Multiple accounts per user are not permitted, and neither is collaboration or membership across multiple teams. Individuals and their submissions originating from multiple accounts will be disqualified.

Code must not be shared privately outside of a team. Any code that is shared, must be made available to all competition participants through the platform. (i.e. on the discussion boards).

Datasets and packages

The solution must use publicly-available, open-source packages only. Your models should not use any of the metadata provided.

You may use only the datasets provided for this competition. Automated machine learning tools such as automl are not permitted.

If the challenge is a computer vision challenge, image metadata (Image size, aspect ratio, pixel count, etc) may not be used in your submission.

You may use pretrained models as long as they are openly available to everyone.

The data used in this competition is the sole property of Zindi and the competition host. You may not transmit, duplicate, publish, redistribute or otherwise provide or make available any competition data to any party not participating in the Competition (this includes uploading the data to any public site such as Kaggle or GitHub).
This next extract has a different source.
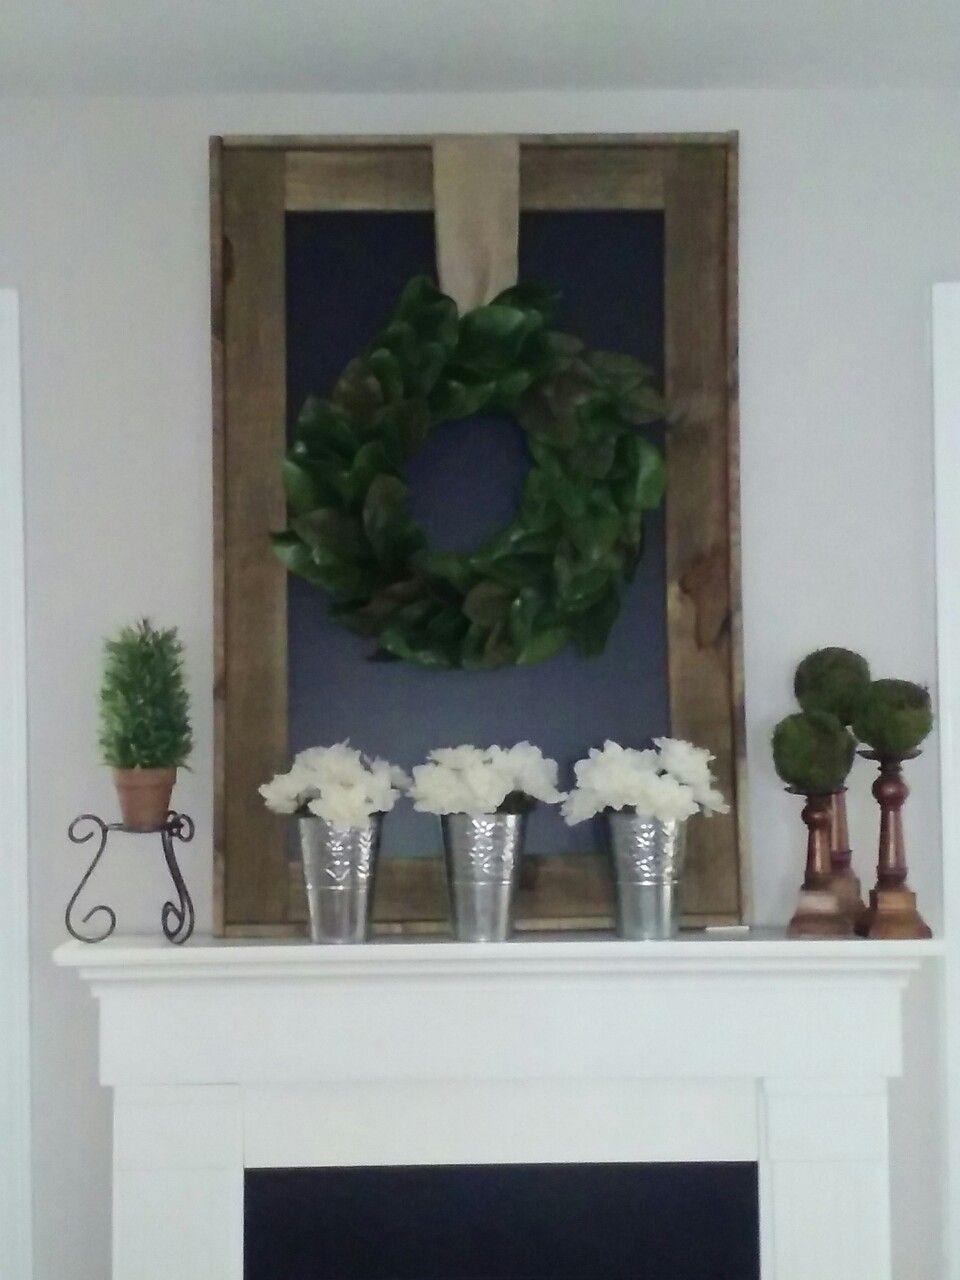 Modern Farmhouse Exterior Wreaths Garlands

You may upload, store and work with the data on any cloud platform such as Google Colab, AWS or similar, as long as 1) the data remains private and 2) doing so does not contravene Zindi’s rules of use.

You must notify Zindi immediately upon learning of any unauthorised transmission of or unauthorised access to the competition data, and work with Zindi to rectify any unauthorised transmission or access.

Your solution must not infringe the rights of any third party.

Submissions and winning

You may make a maximum of 10 submissions per day.

Note that to count, your submission must first pass processing. If your submission fails during the processing step, it will not be counted and not receive a score; nor will it count against your daily submission limit. If you encounter problems with your submission file, your best course of action is to ask for advice on the Competition’s discussion forum.

Note that there is no public/private leaderboard split for this challenge. Read more about public and private leaderboards in this post.

You acknowledge and agree that Zindi may, without any obligation to do so, remove or disqualify an individual, team, or account if Zindi believes that such individual, team, or account is in violation of these rules. Entry into this competition constitutes your acceptance of these official competition rules.

Zindi also reserves the right to disqualify you and/or your submissions from any competition if we believe that you violated the rules or violated the spirit of the competition or the platform in any other way. The disqualifications are irrespective of your position on the leaderboard and completely at the discretion of Zindi.

Please refer to the FAQs and Terms of Use for additional rules that may apply to this competition. We reserve the right to update these rules at any time.